Cyber risk is an enterprise risk, with implications and responsibilities beyond the digital realm and the information security team, whether related to geopolitics or other issues. To effectively manage it, companies require a comprehensive, strategic approach that includes evaluating supply chain liabilities, evaluating risk exposure across their organisations, strengthening cyber incident management plans, and securing appropriate insurance coverage.
Nation-state cyberattacks are closely connected to diplomatic relations between countries. As geopolitical tensions intensify, the risk of cyberattacks escalates.
Among the motives of threat groups are accessing sensitive information for geopolitical advantage or causing disruption, whether by cutting fibre optic cables or spreading disinformation. Sometimes, nation-state threat actors may lie dormant inside a network or IT system, ready to “flick the switch on” at a given time, or simply to conduct espionage and continue gathering information. Some state actors carry out cyberattacks for financial gain.
However, not all geopolitically motivated cyberattacks fall into the “hack” category. It is now generally accepted that an element of geopolitical instability is the use of digital means by nation-states to undermine democratic and economic effectiveness. For example, bots are used across social media to reinforce one narrative over another. The Council of Europe, the UK government, US senators, and others have alleged election interference by foreign states.
Additionally, intellectual property theft can be used to disrupt industries within one nation while accelerating the growth of those same industries in another. For example, an engineer was charged with stealing self-driving car technology for another state, while hackers reportedly stole secrets from a Dutch chip company and designs from a car manufacturer.
A particular higher-risk area is countries experiencing extended periods of political polarisation, where the attitudes and opinions of a population become divided into opposing groups. As a result, these countries are less able to execute effective long-term economic and social policies, so adversaries may adopt a cyber strategy to contribute to such problems.
State-sponsored hackers use various methods to gain entry into an organisation’s IT systems. These include exploiting existing vulnerabilities in unpatched or outdated software, accessing email and other accounts and devices through weak or compromised passwords, and using ransomware to encrypt, steal, and leak sensitive information.
In some state-sponsored cyberattacks, it's easy to see when systems are affected. However, when attackers tamper with operational technology, such as machinery or control systems, the effects are not always immediately obvious. This can cause hidden issues with service quality and equipment, potentially leading to more serious and hard-to-detect problems.

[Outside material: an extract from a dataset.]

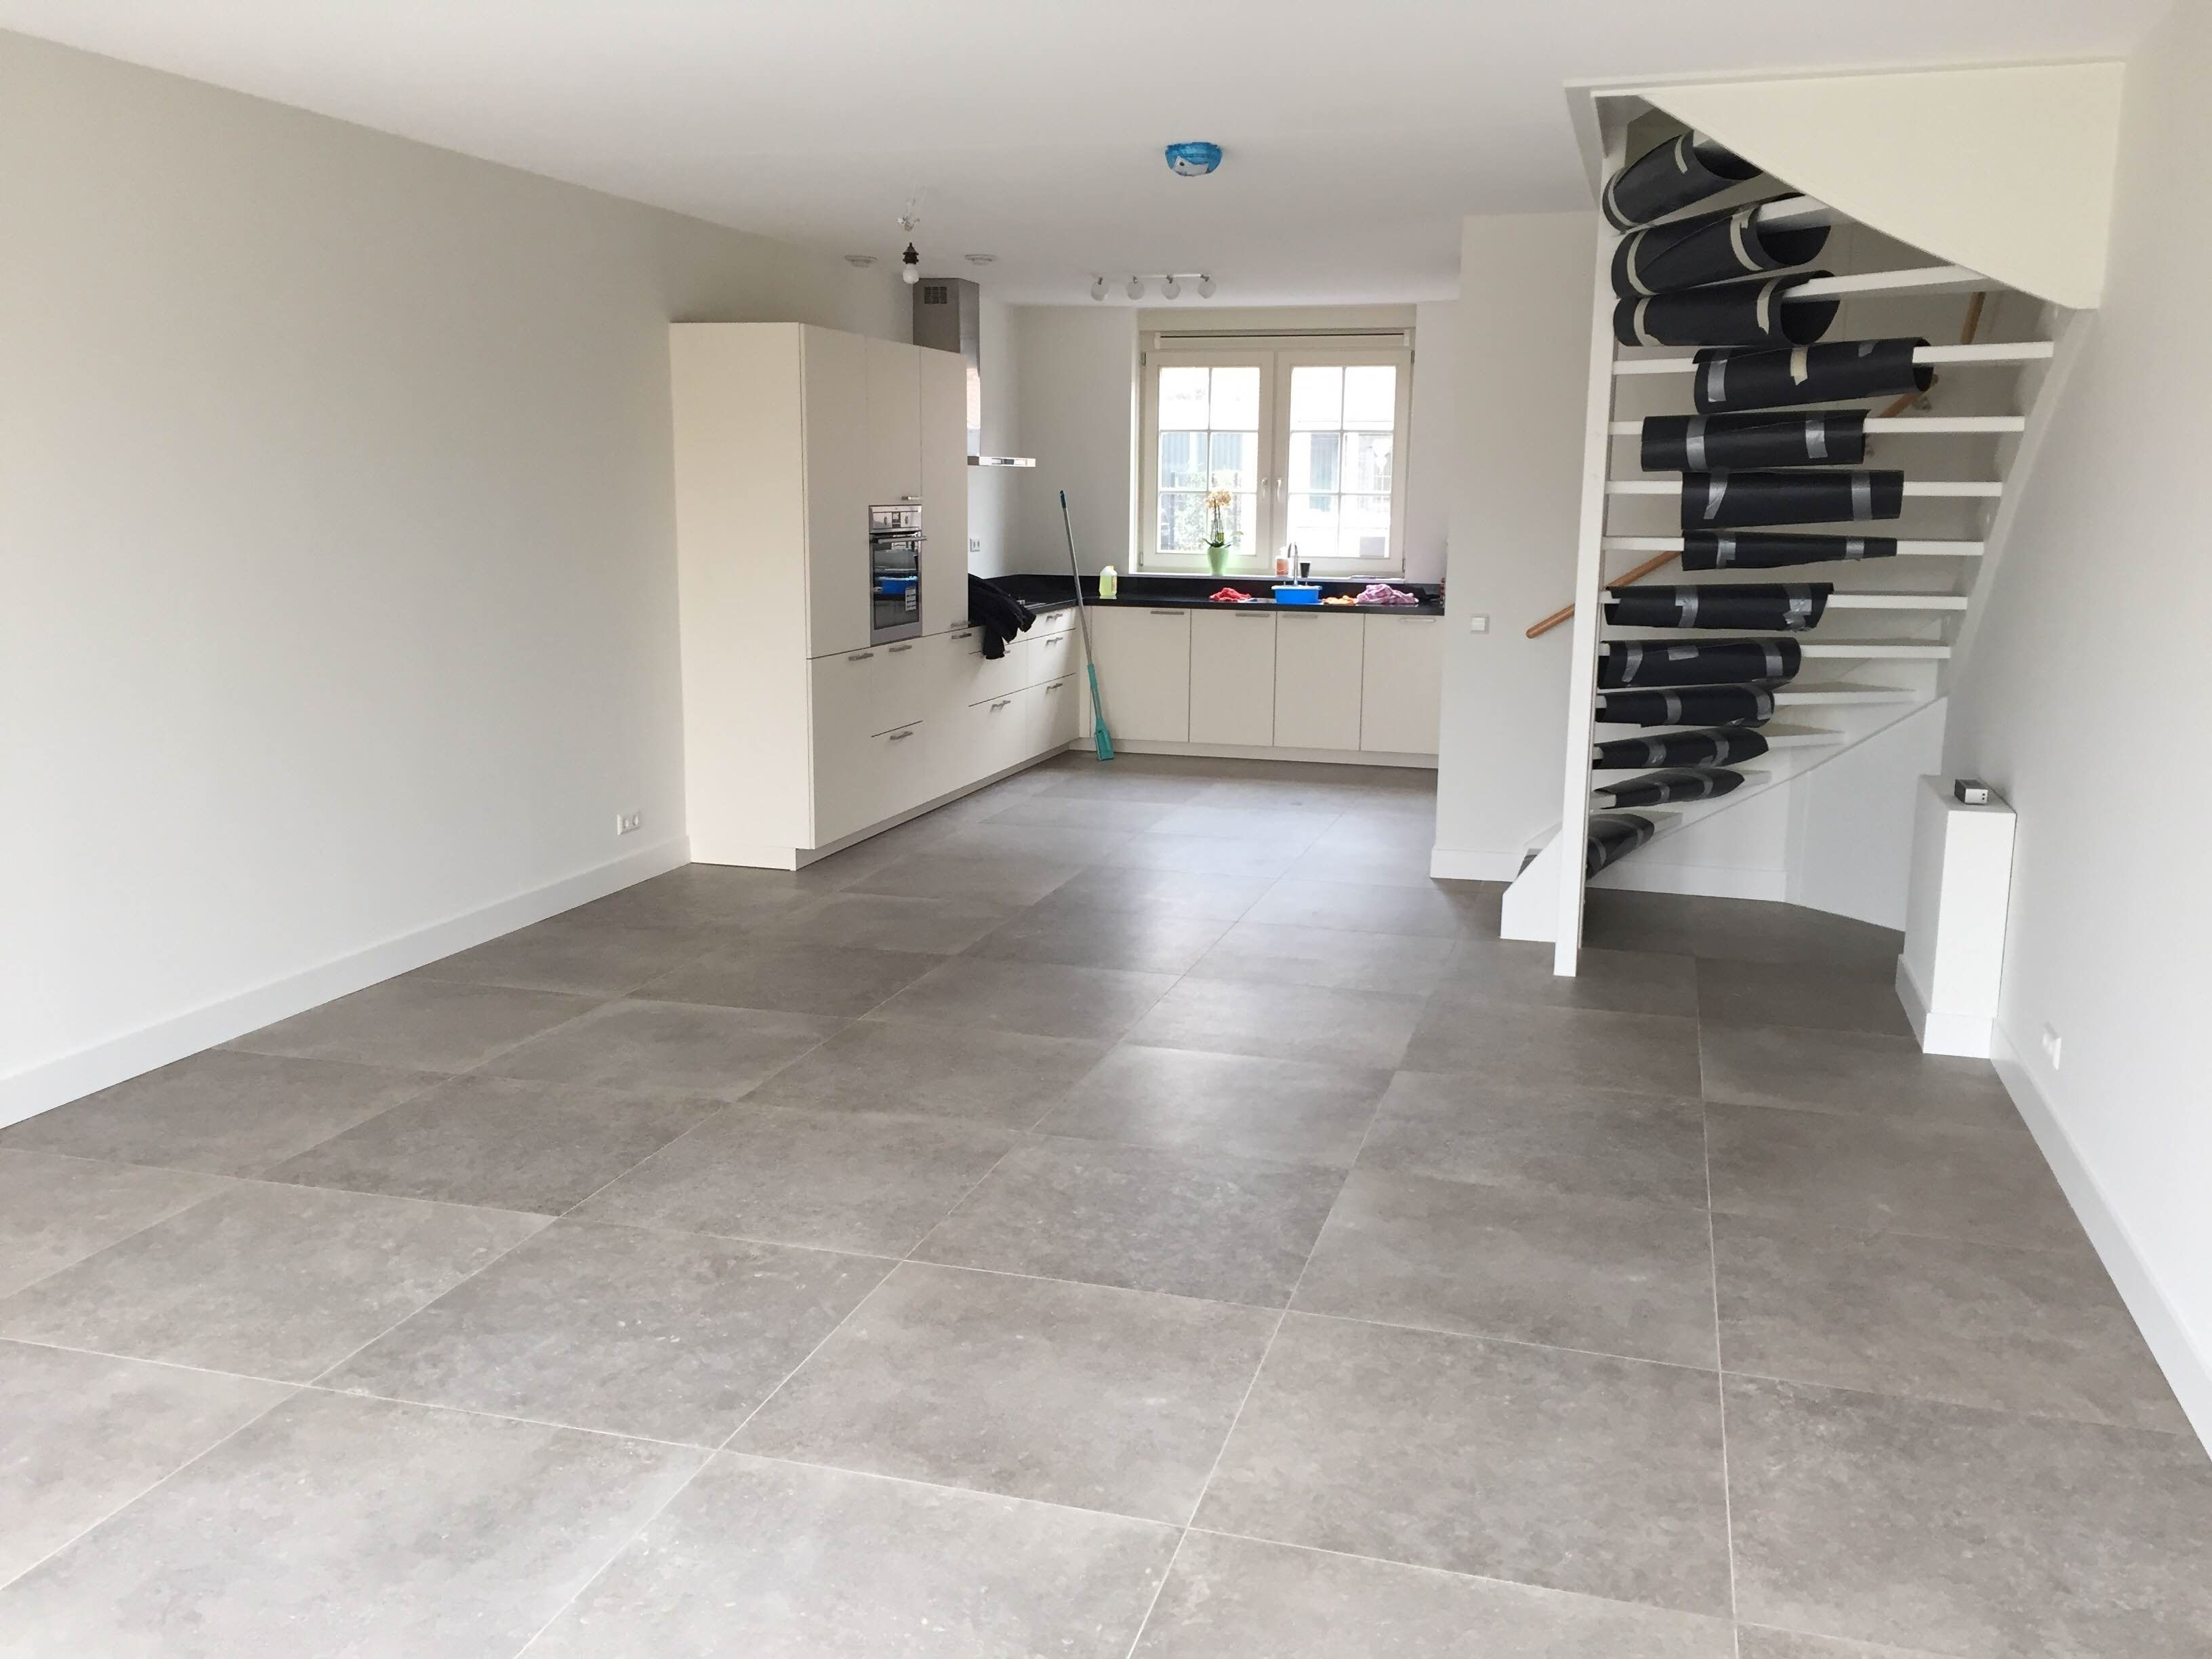 Kronos Tegels Dealers : Belgisch hardsteen look tegels kronos tegels dealers hardsteen

Because cyberattacks are a common way for countries to act on their discontent with another government, high-profile businesses may become targets. This is partly because certain brands are linked in people's minds to their country of origin and the values they represent.
Also, critical national infrastructure — including financial institutions, healthcare organisations, utilities, and telecommunications — may be more vulnerable to cyberattacks during periods of heightened geopolitical unrest. For example, threat actors infiltrated critical infrastructure systems in the US from 2023 to 2024, in some cases remaining dormant within utilities, possibly positioning themselves to respond to a future event. Defence and semiconductor companies and official intelligence organisations are also at significant risk of infiltration by state-sponsored threat actors.
However, this is not to state that those territories or higher-risk industries are the sole targets — any entity could become a target of opportunity for state-sponsored cyber activity.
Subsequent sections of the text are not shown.